A sentence from the essay deserves emphasis: “You can launch a coding agent in Hopsworks that uses a LLM that is hosted in Hopsworks — all inside an air-gapped environment.”

This is non-trivial. Most coding agent setups require outbound calls to an external model API. If you’re in financial services, healthcare, defense, or — relevant after the OpenAI Stargate UK pause — a European enterprise concerned about data residency, a coding agent that never touches an external network is a compliance story that most platforms cannot tell.

Zalando, Europe’s largest online retailer, runs its AI infrastructure on Hopsworks. Their case is illustrative: the platform’s sovereign AI capability isn’t theoretical positioning — there are production workloads running on it in environments where data can’t cross certain boundaries.

Who This Is For

Data scientists and ML engineers who spend time on pipeline plumbing. If your job is building features and training models but you burn hours on ingestion configuration, column naming, and pipeline orchestration, the embedded agent with Platform Intelligence is addressing real work. It doesn’t replace your judgment on what features to build — it eliminates the boilerplate around building them.

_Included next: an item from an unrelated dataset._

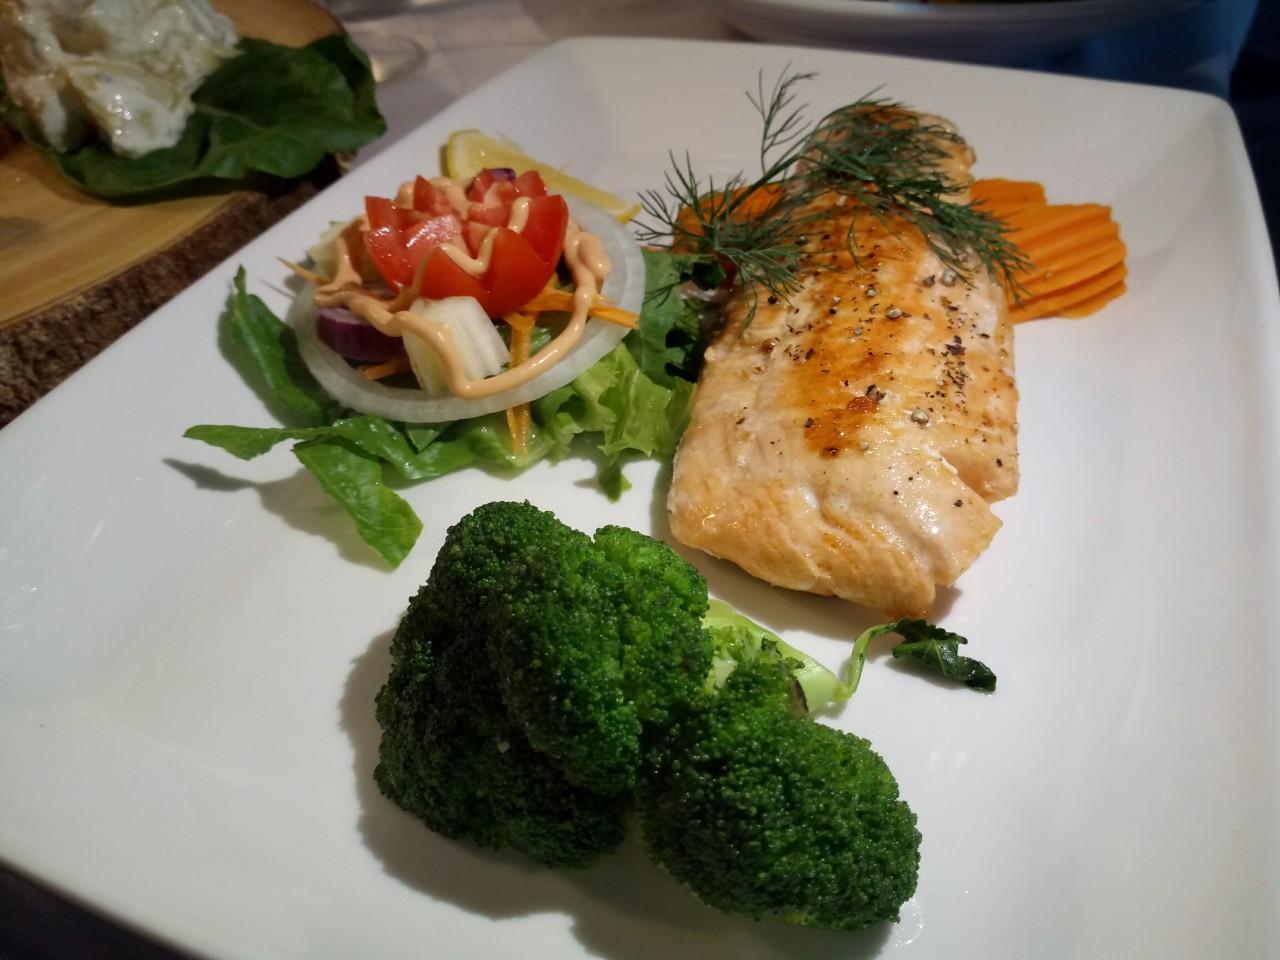 Linda's Restaurant - ресторан скандинавской кухни в Паттайе

Enterprise ML teams with sovereignty requirements. On-premise or private cloud deployments with air-gapped agents are available. If your data can’t leave your network, this is a rare option in the coding agent space.

Teams already running Hopsworks. The 5.0 upgrade is straightforward if you’re on the platform. The Wizard’s templates cover common cases (time series, RAG pipeline) and the agent’s access to your existing feature groups means it doesn’t start from scratch.

Who Should Skip It

Teams without ML infrastructure to manage. If you’re building a straightforward LLM application — RAG over documents, a chatbot, an agent with a few tools — you don’t need a feature store, a training cluster, or a model registry. Hopsworks is overkill.

Teams running lean on opex. Hopsworks is a full ML platform with enterprise deployment options. SaaS registration is open for free tiers, but production use at scale has real infrastructure costs. If your ML footprint is small, the platform’s value is in managing complexity you probably don’t have yet.

Teams where MCP interoperability is required. If your agent needs to communicate across heterogeneous systems using MCP standards, Hopsworks’s CLI-first philosophy is a friction point. The platform’s agent is designed to work within Hopsworks — not to plug into an external MCP client.

The Broader Platform Intelligence Trend

Hopsworks 5.0 is one data point in a larger shift: domain-specific platforms embedding coding agents in their native compute environment rather than integrating with external AI assistants. The argument is the same as the wrapper/container essay: agents with direct platform context outperform agents accessing that context over API.

Watch for other ML and data platforms to announce similar embedded agent capabilities in H2 2026. The question isn’t whether to embed agents — it’s whether your platform gives them enough internal access to be more useful than a coding assistant in a separate window.


ChatForest covers AI developer tooling and ML infrastructure for builders. This article is based on Hopsworks’s press release, their published technical essay “Don’t Be a Wrapper, Be a Container,” and event registration pages. We have no commercial relationship with Hopsworks.